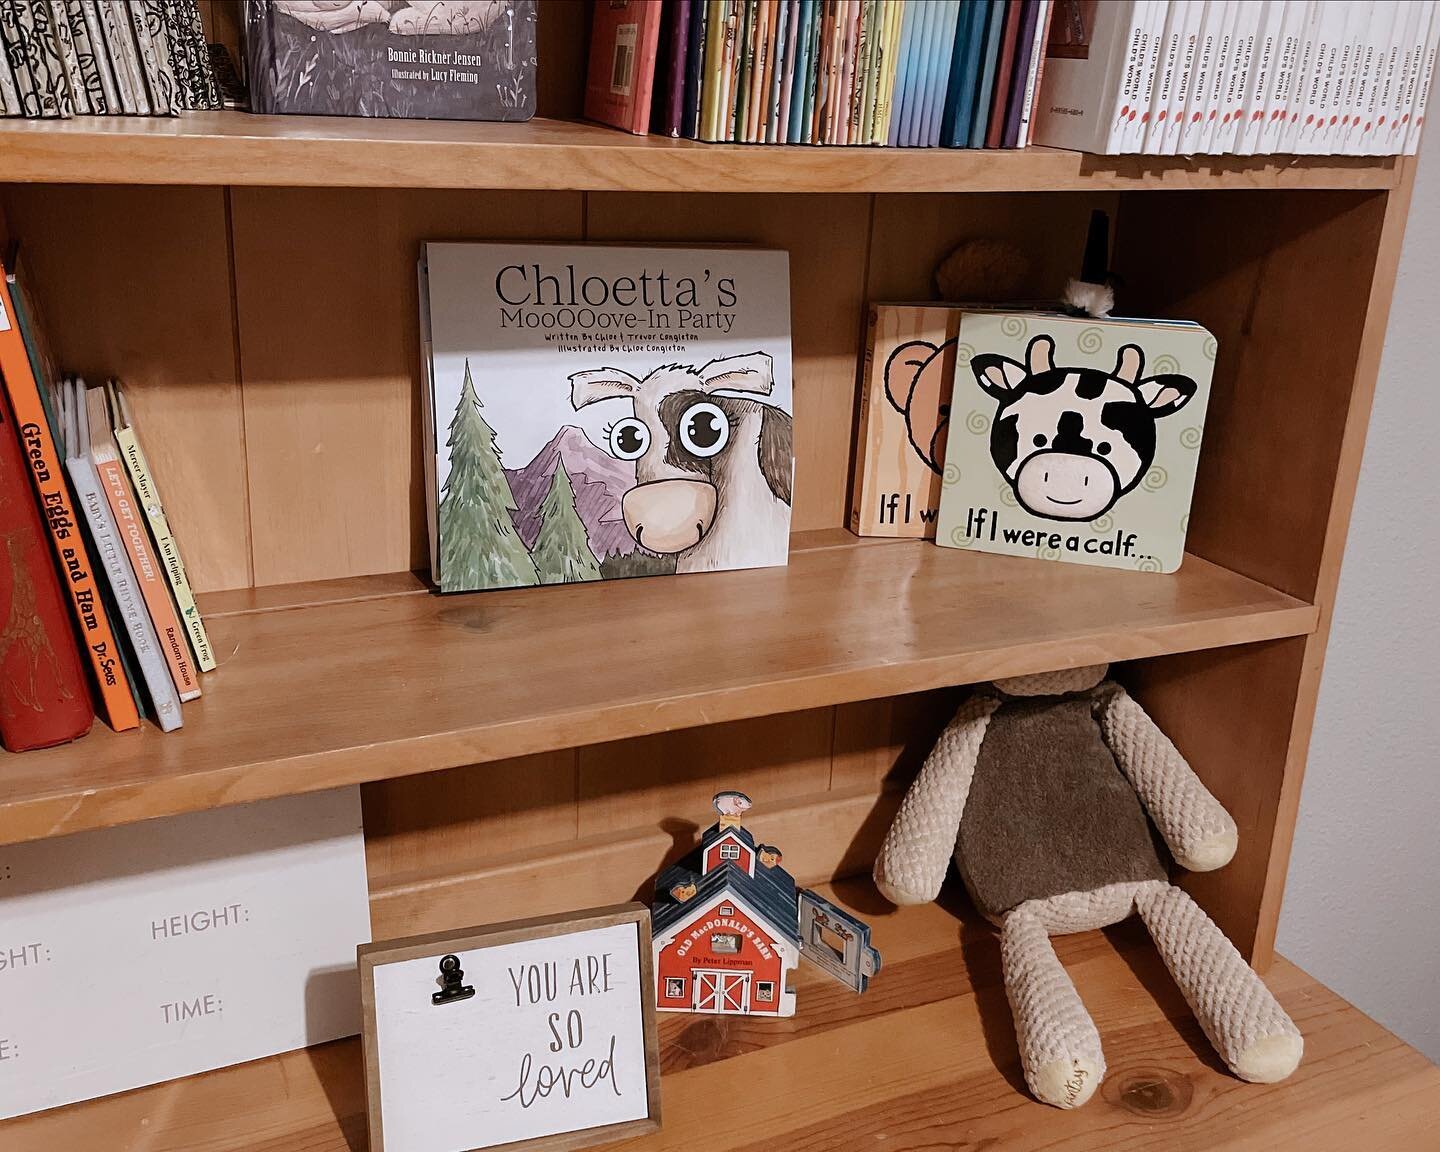 We have loved seeing pictures of our book in new nurseries!!!!! Thank you to everyone sending us photos of you and your new book!!!!
.
Make sure you tag @unfoldedfables and your new book! We would love to see it!!!! Or feel free to PM us!!! Thank you
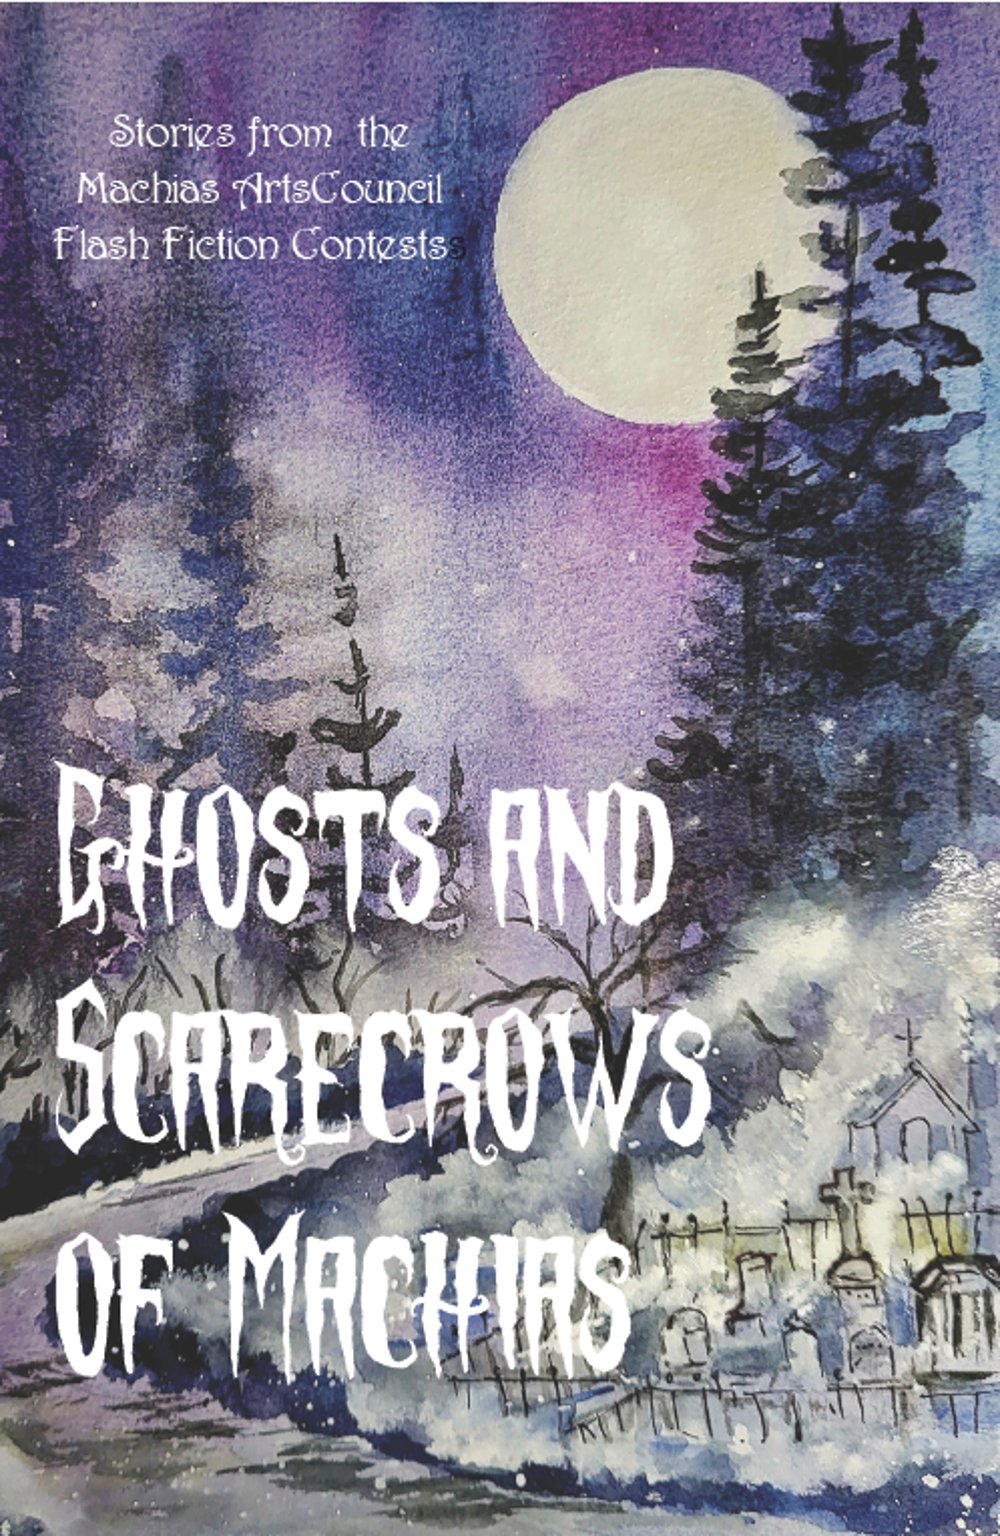 Cover of the Ghosts and Scarecrows of Machias book.
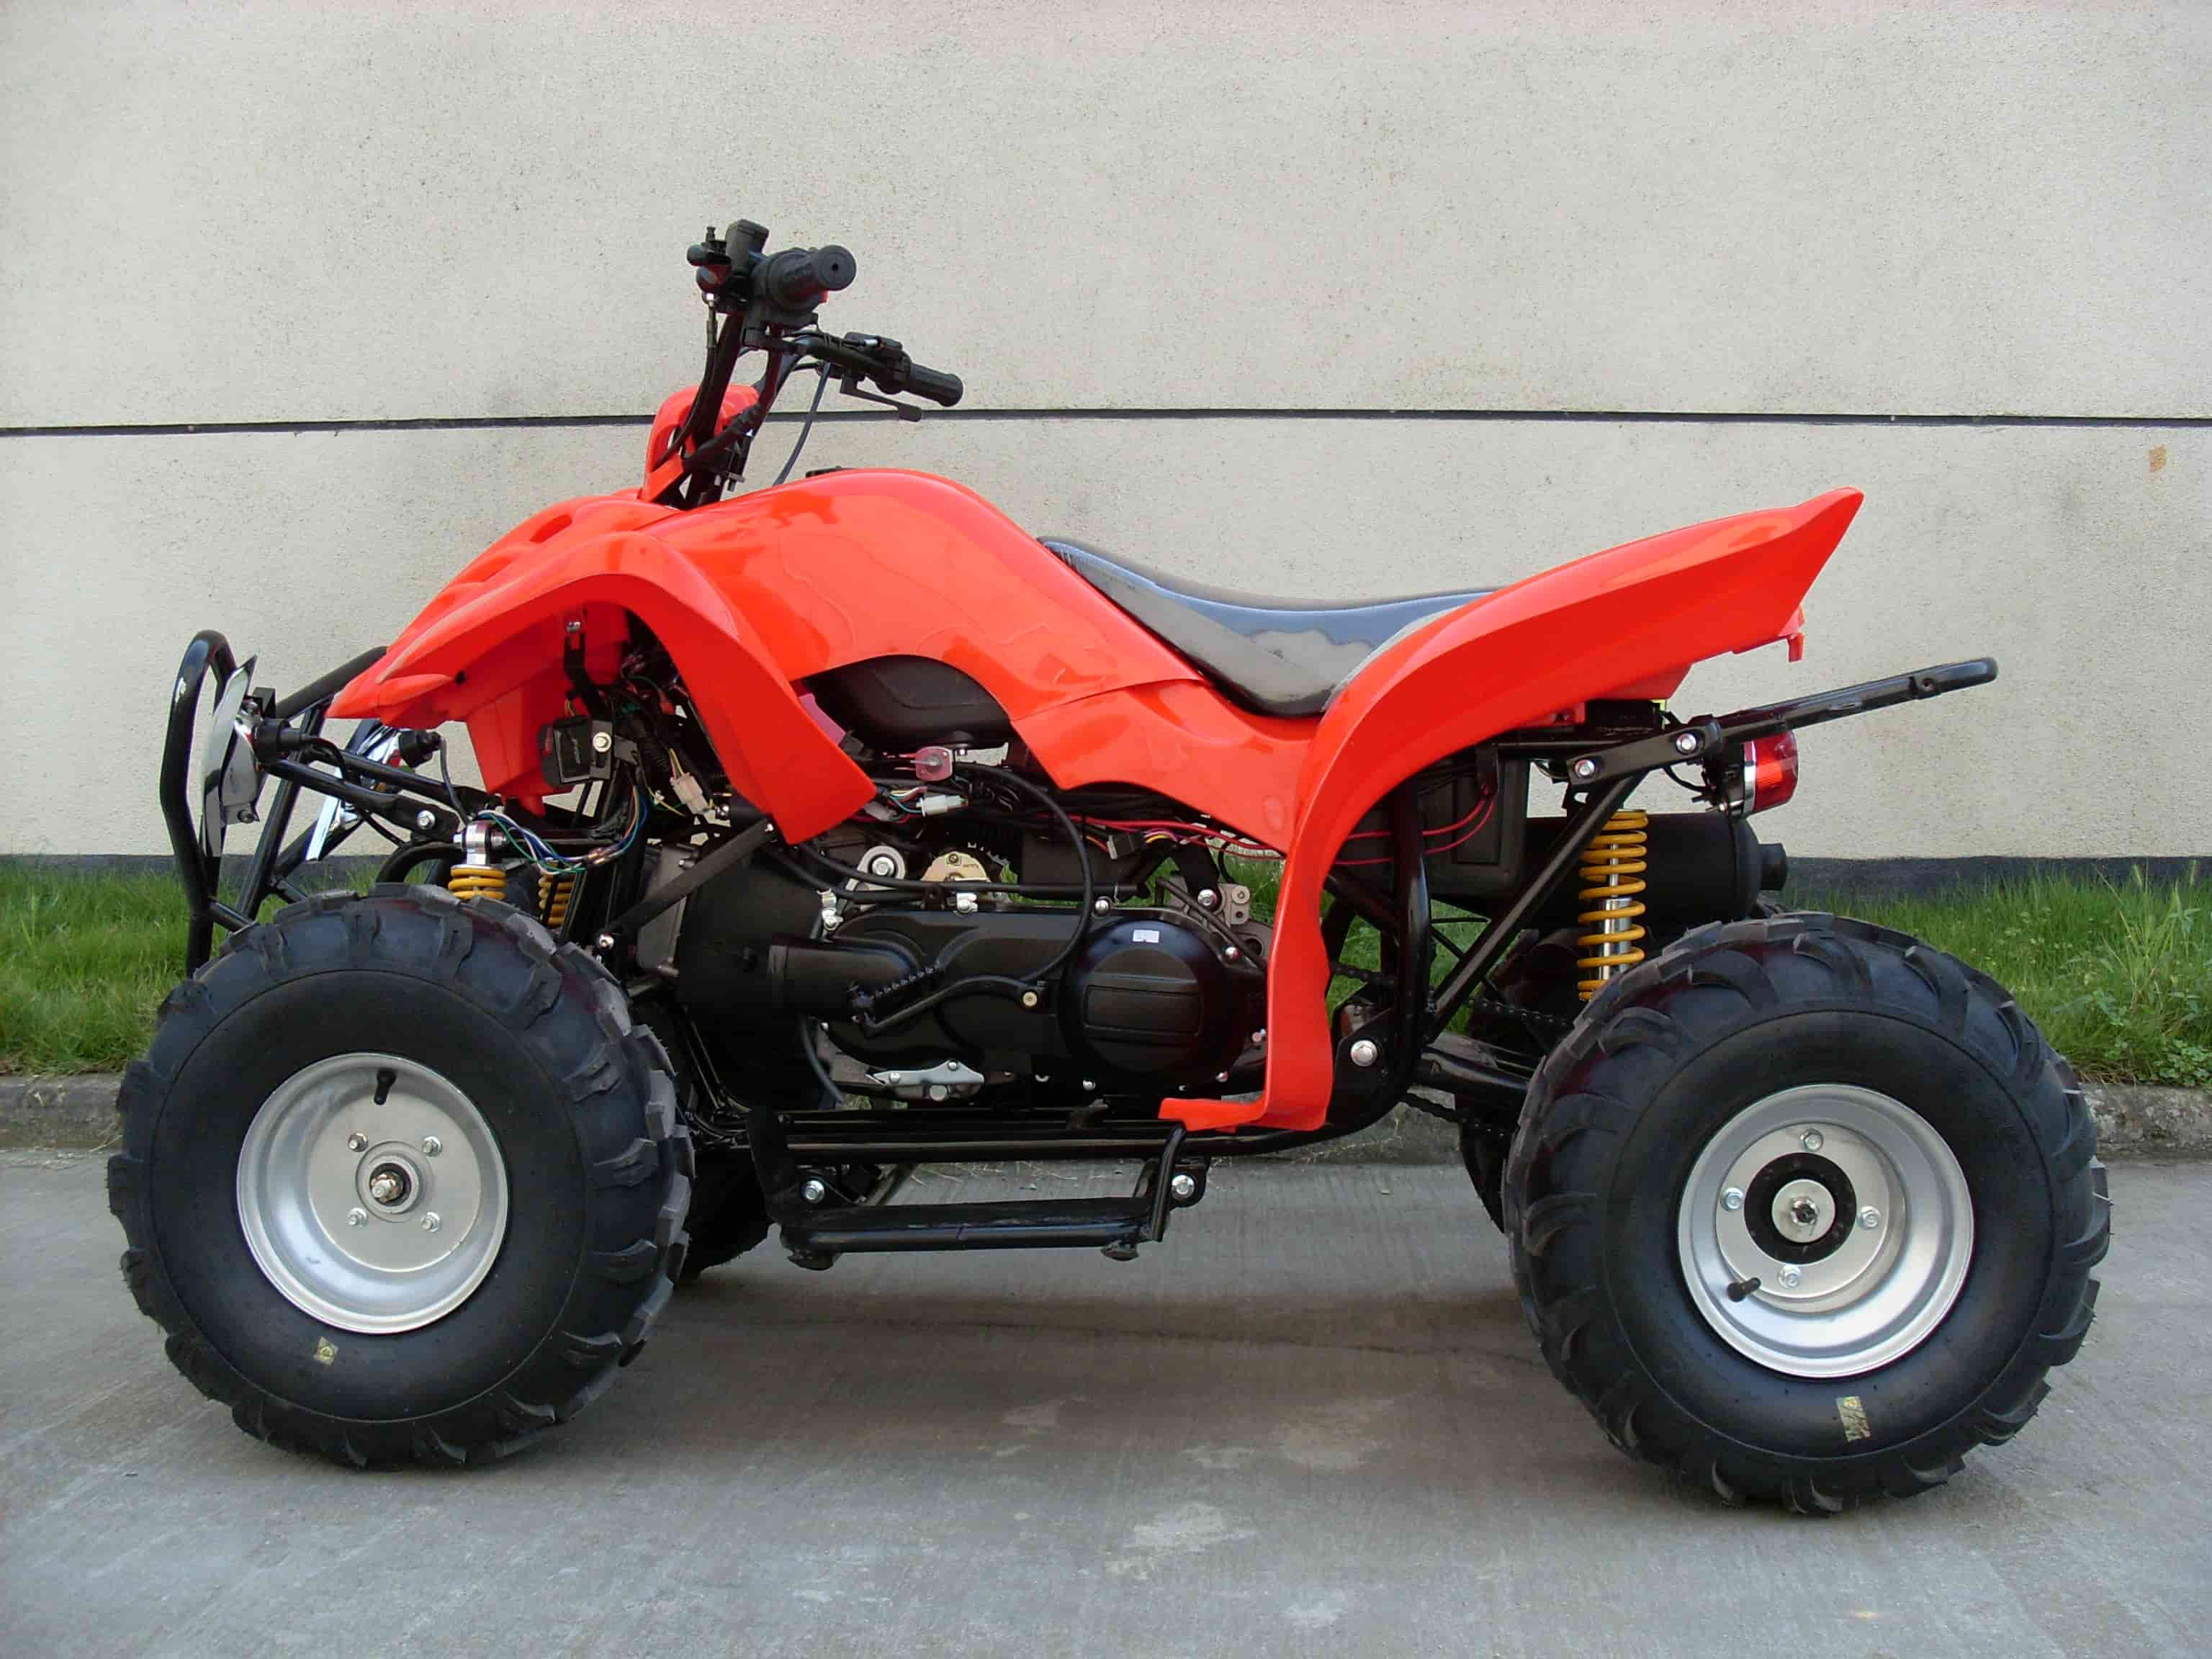 264 Units 150cc Gy6 Automtatic ATV Quads will be ship to Columbia

####

WHAT YOU WILL DO
The lines to copy begin at the one containing "Make sure you" and end at the last line of the records. Set down exactly those lines and no others, both ends included, and omit all pictures.

ANSWER FOR THIS EXERCISE
Make sure you tag @unfoldedfables and your new book! We would love to see it!!!! Or feel free to PM us!!! Thank you
 Cover of the Ghosts and Scarecrows of Machias book.
 264 Units 150cc Gy6 Automtatic ATV Quads will be ship to Columbia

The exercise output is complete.